279 reviews4 followers
February 16, 2023
Gibbons has a real gift at creating the inner life of young people who are at a crossroads in life. Una is troubled, selfish, passionate, judgemental, naive, reckless and frustrated and an utterly convincing character! I felt so sorry for her having her dreams snatched away by her father and consequently falling headlong into a passionate crush.

There were several other aspects of this novel which I liked too. Gibbons often writes about 'bohemian' couples who are obsessed with their art and who go around sponging off more conventional folk (while despising them) and I think that Gibbons captures the filth and squalor really well. She's also great at selfish young men who are perfectly happy to kiss girls but then will disappear for ages and break their hearts by ghosting them. Again, this is very well done and subtle. The inner lives of such men are very understated and often redeemed by other qualities.
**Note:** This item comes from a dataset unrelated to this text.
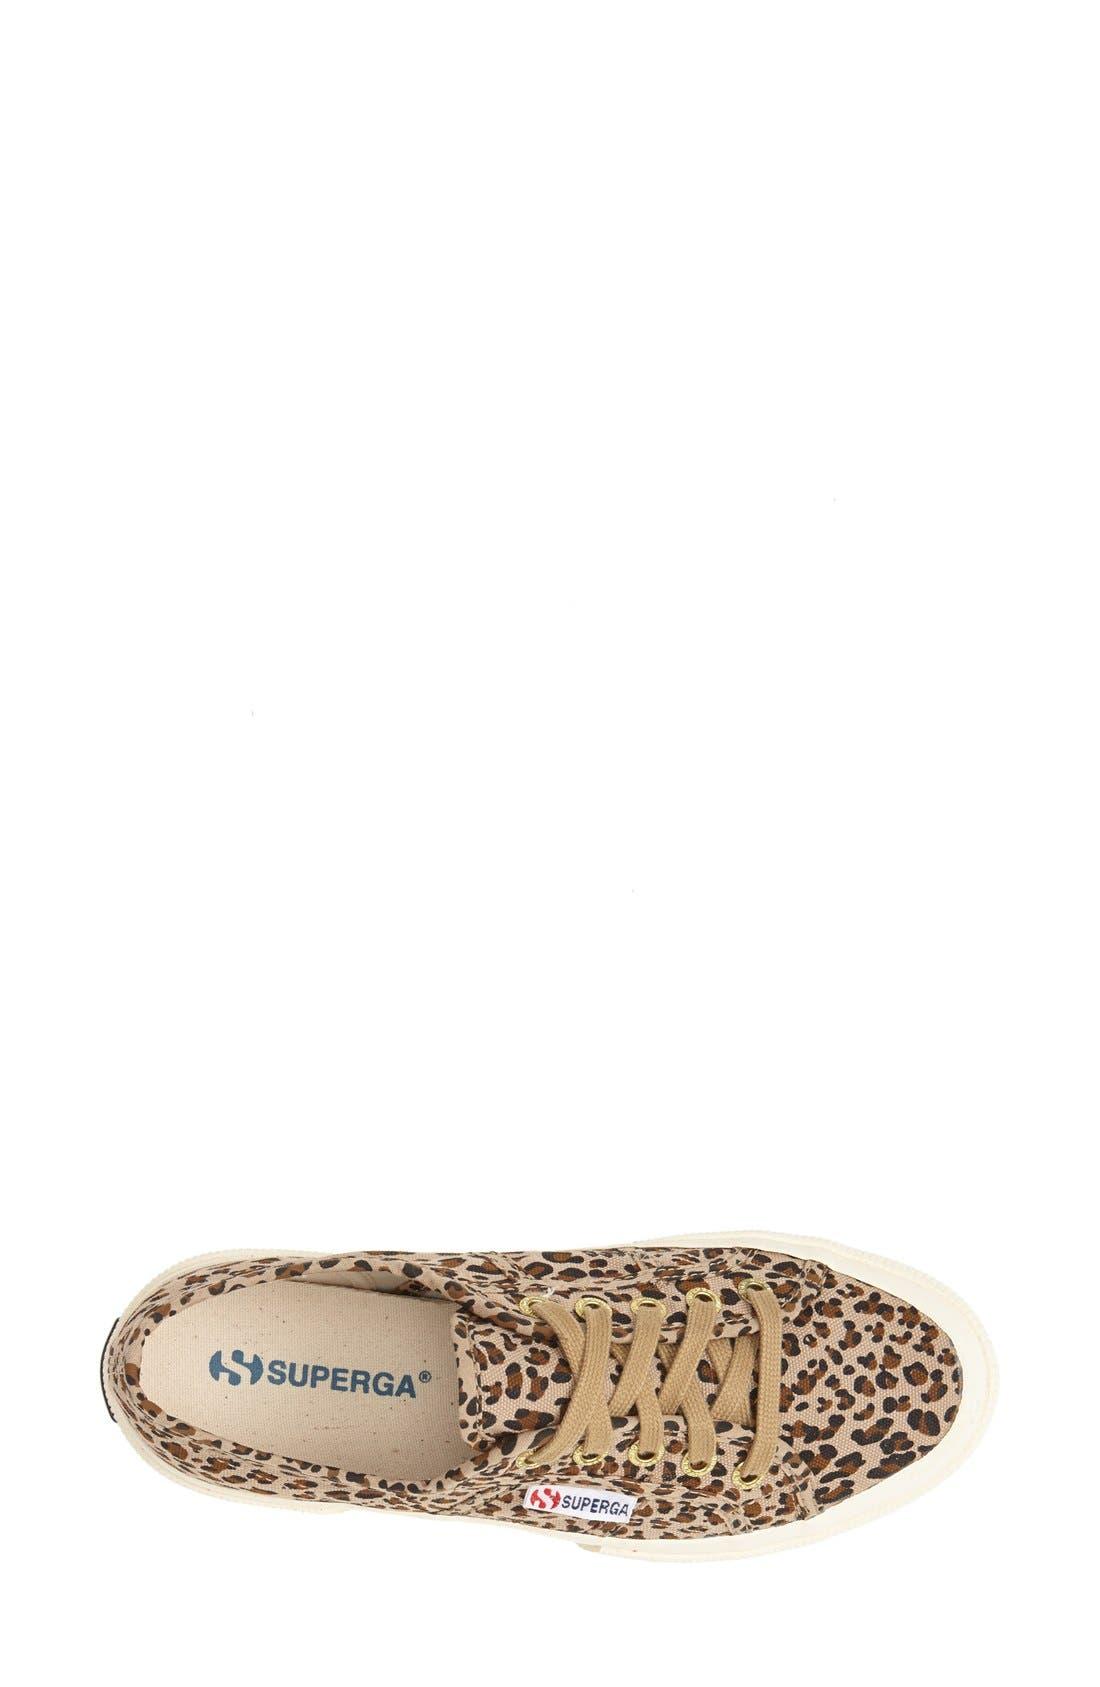 Alternate Image 3  - Superga 'Leo' Leopard Spot Slip-On Sneaker (Women)

I enjoyed reading this. I have read about half of her tremendous output and always come to the same conclusion: convincing and realistic whatever the setting. Excellent.
Profile Image for Sennen Rose.
347 reviews14 followers
November 22, 2021
Took me two months to read for various reasons. Not as magical as the first two books of Stella’s I read - the Pilchers fell flat to me, and while this is set in my beloved Cornwall it is set in aristo Cornwall which is as alien to me as the Sahara desert. Odd ending, too. Loved Una though, and there were some magical turns of phrases, and descriptions of landscapes. I’ll read as much Stella as I can get my hands on, still.
Profile Image for Catherine Jeffrey.
865 reviews6 followers
August 30, 2022
Perfect weekend reading . The contrast between the locals of Tregulla and their dislike of the artist visitors is very funny. Only Stella Gibbons could dream up the name The Sadist for the black car belonging to the visitors. The central character Una is quite ghastly and drawn to perfection by the the author.
Profile Image for Meg.
1,335 reviews
July 6, 2024
Written in 1962. Set in Cornwall. A time of upheaval, as old ways clash with new. Has some humorous, slightly snarky moments, but isn't a funny book. Good.
Profile Image for N.S. Ford.
Author 8 books29 followers
May 13, 2022
This review first appeared on my blog - https://nsfordwriter.com - on 7th May 2022.
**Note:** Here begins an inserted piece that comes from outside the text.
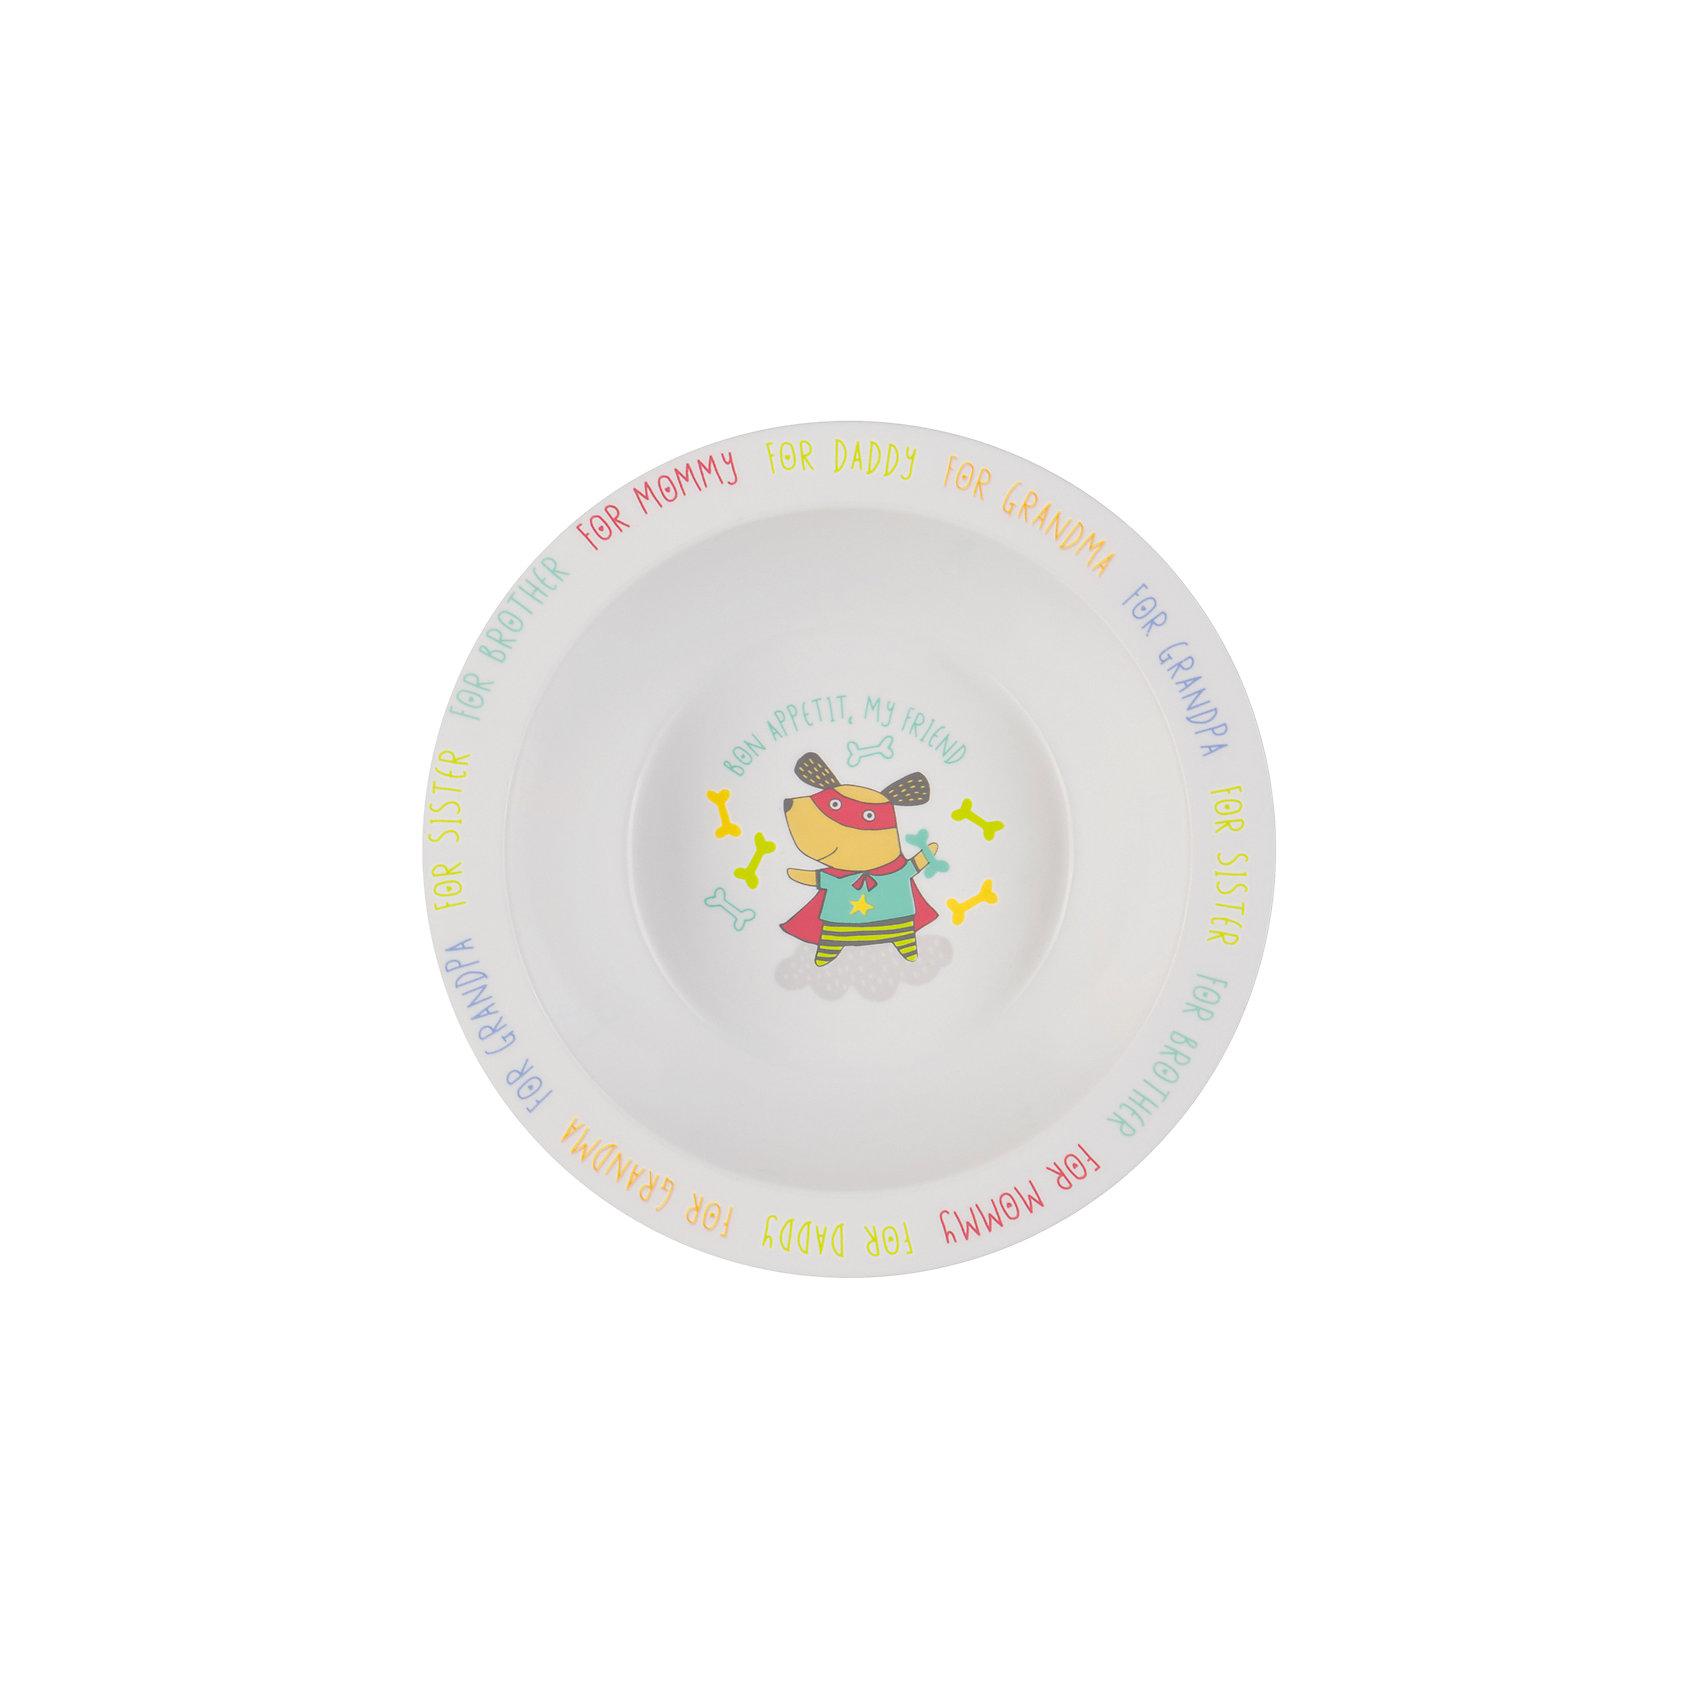 Тарелка глубокая Dog, Happy BabyТарелка глубокая Dog,  от торговой марки Happy Baby для кормления предназначена для приучения ребенка к самостоятельному приему пищи. Для облегчения этого процесса тарелка имеет широкие края - благодаря им, ребенку удобно доставать еду из посуды. <br>На дне нарисован забавный пес, желающий крохе приятного аппетита. А по краям тарелки указаны любимые каждой мамой подсказки: за папу, за бабушку, за брата и т.д.<br>Тарелка для кормления подходит для использования в микроволновой печи. Допускается мытье в посудомоечной машине. Как и вся детская посуда от торговой марки  Happy Baby, изделие изготовлено из безопасного, первичного пластика, не содержащего вредных для здоровья компонентов.<br><br>Дополнительная информация: <br><br>- материал: полипропилен, термопластичный эластомер<br>- дизайн: животные<br>- диаметр: 16,5 см<br>- высота, 6 см<br>- цвет белый, бирюзовый, собака<br>- размеры, 165 * 60 * 60 мм<br>- размер упаковки (ДхШхВ), 22 * 15 * 6  см<br>- вес в упаковке, 85 г<br><br>Тарелку глубокую Dog, Happy Baby можно купить в нашем интернет-магазине.<br><br>Ширина мм: 50<br>Глубина мм: 165<br>Высота мм: 210<br>Вес г: 58<br>Возраст от месяцев: 6<br>Возраст до месяцев: 18<br>Пол: Унисекс<br>Возраст: Детский<br>SKU: 4696838

This was a pleasant surprise. One of the author's more obscure books, The Weather at Tregulla was the next to be published after A Pink Front Door. Despite the unpromising title and an unenticing first chapter, this novel turned out to be a good read and quite unusual because the setting is Cornwall, rather than London.
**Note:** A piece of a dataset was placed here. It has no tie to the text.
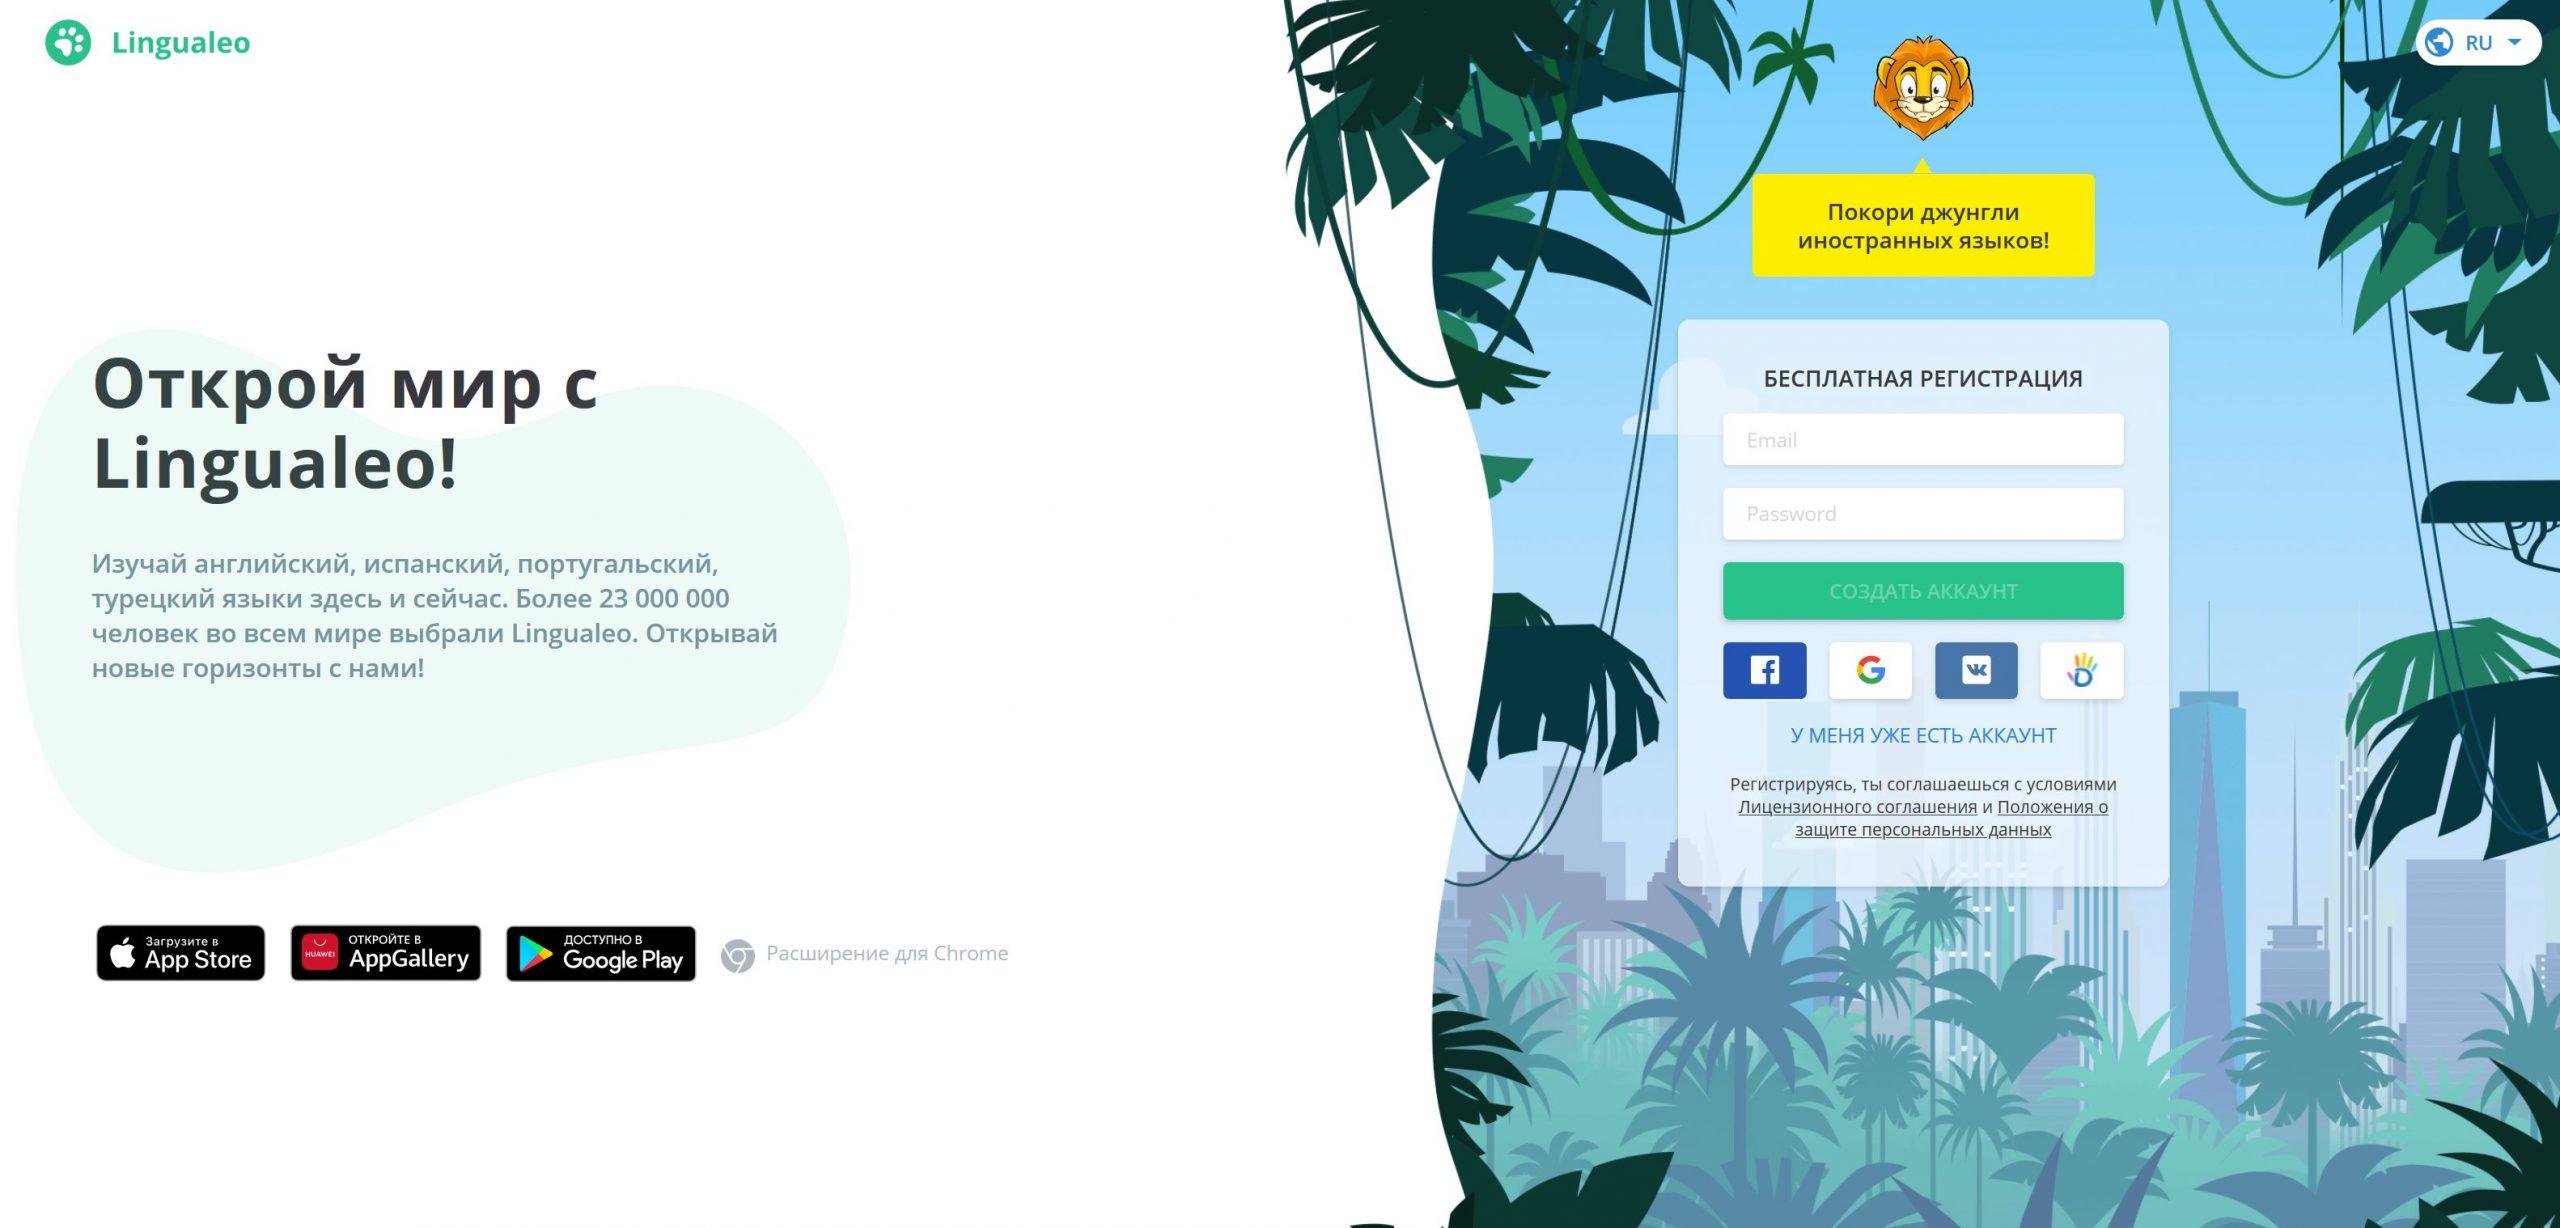 Lingualeo — иностранные языки онлайн

We begin with the predicament of 19-year-old Una, whose dream of leaving the hamlet of Tregulla behind to study drama in London is taken away when her mother dies and leaves no money. Her father does not know how to deal with her and spends most of his time drinking whiskey and growing violets. Life becomes less mundane when a brother and sister, Terence and Emmeline, rent a cottage close by. Una finds herself falling in love with Terence, who only cares for his painting. Meanwhile, Una's best friend Barnabas, a Navy officer, is entranced by Emmeline. However, the newcomers bring friends with them, a constantly arguing working-class artist couple who are going to cause trouble.

I would describe this novel as a tragi-comedy. There are some very amusing moments but it's sad and certainly no fairytale romance. Ominous leaps forward in time and strange digressions keep the narrative interesting. As always with Gibbons' novels, they illustrate the social issues of the day. She pokes gentle fun at the modern arts scene (kitchen sink realism and abstract expressionism being recent inventions when she was writing the book) and scoffs at people being divided into 'modern' kinds / 'beatniks' ('hippies' not being a commonly used term yet) and 'squares'. There's an unpleasant scene with a shark that I'd rather not have read, but the majority of the book was delightful in an existentialist sort of way. It's odd to consider that it was published 30 years after Cold Comfort Farm - there are indeed some parallels but the style of her later books is more natural and contemplative. I hope that Stella Gibbons would be pleased to know that many of her titles are being rediscovered by readers today.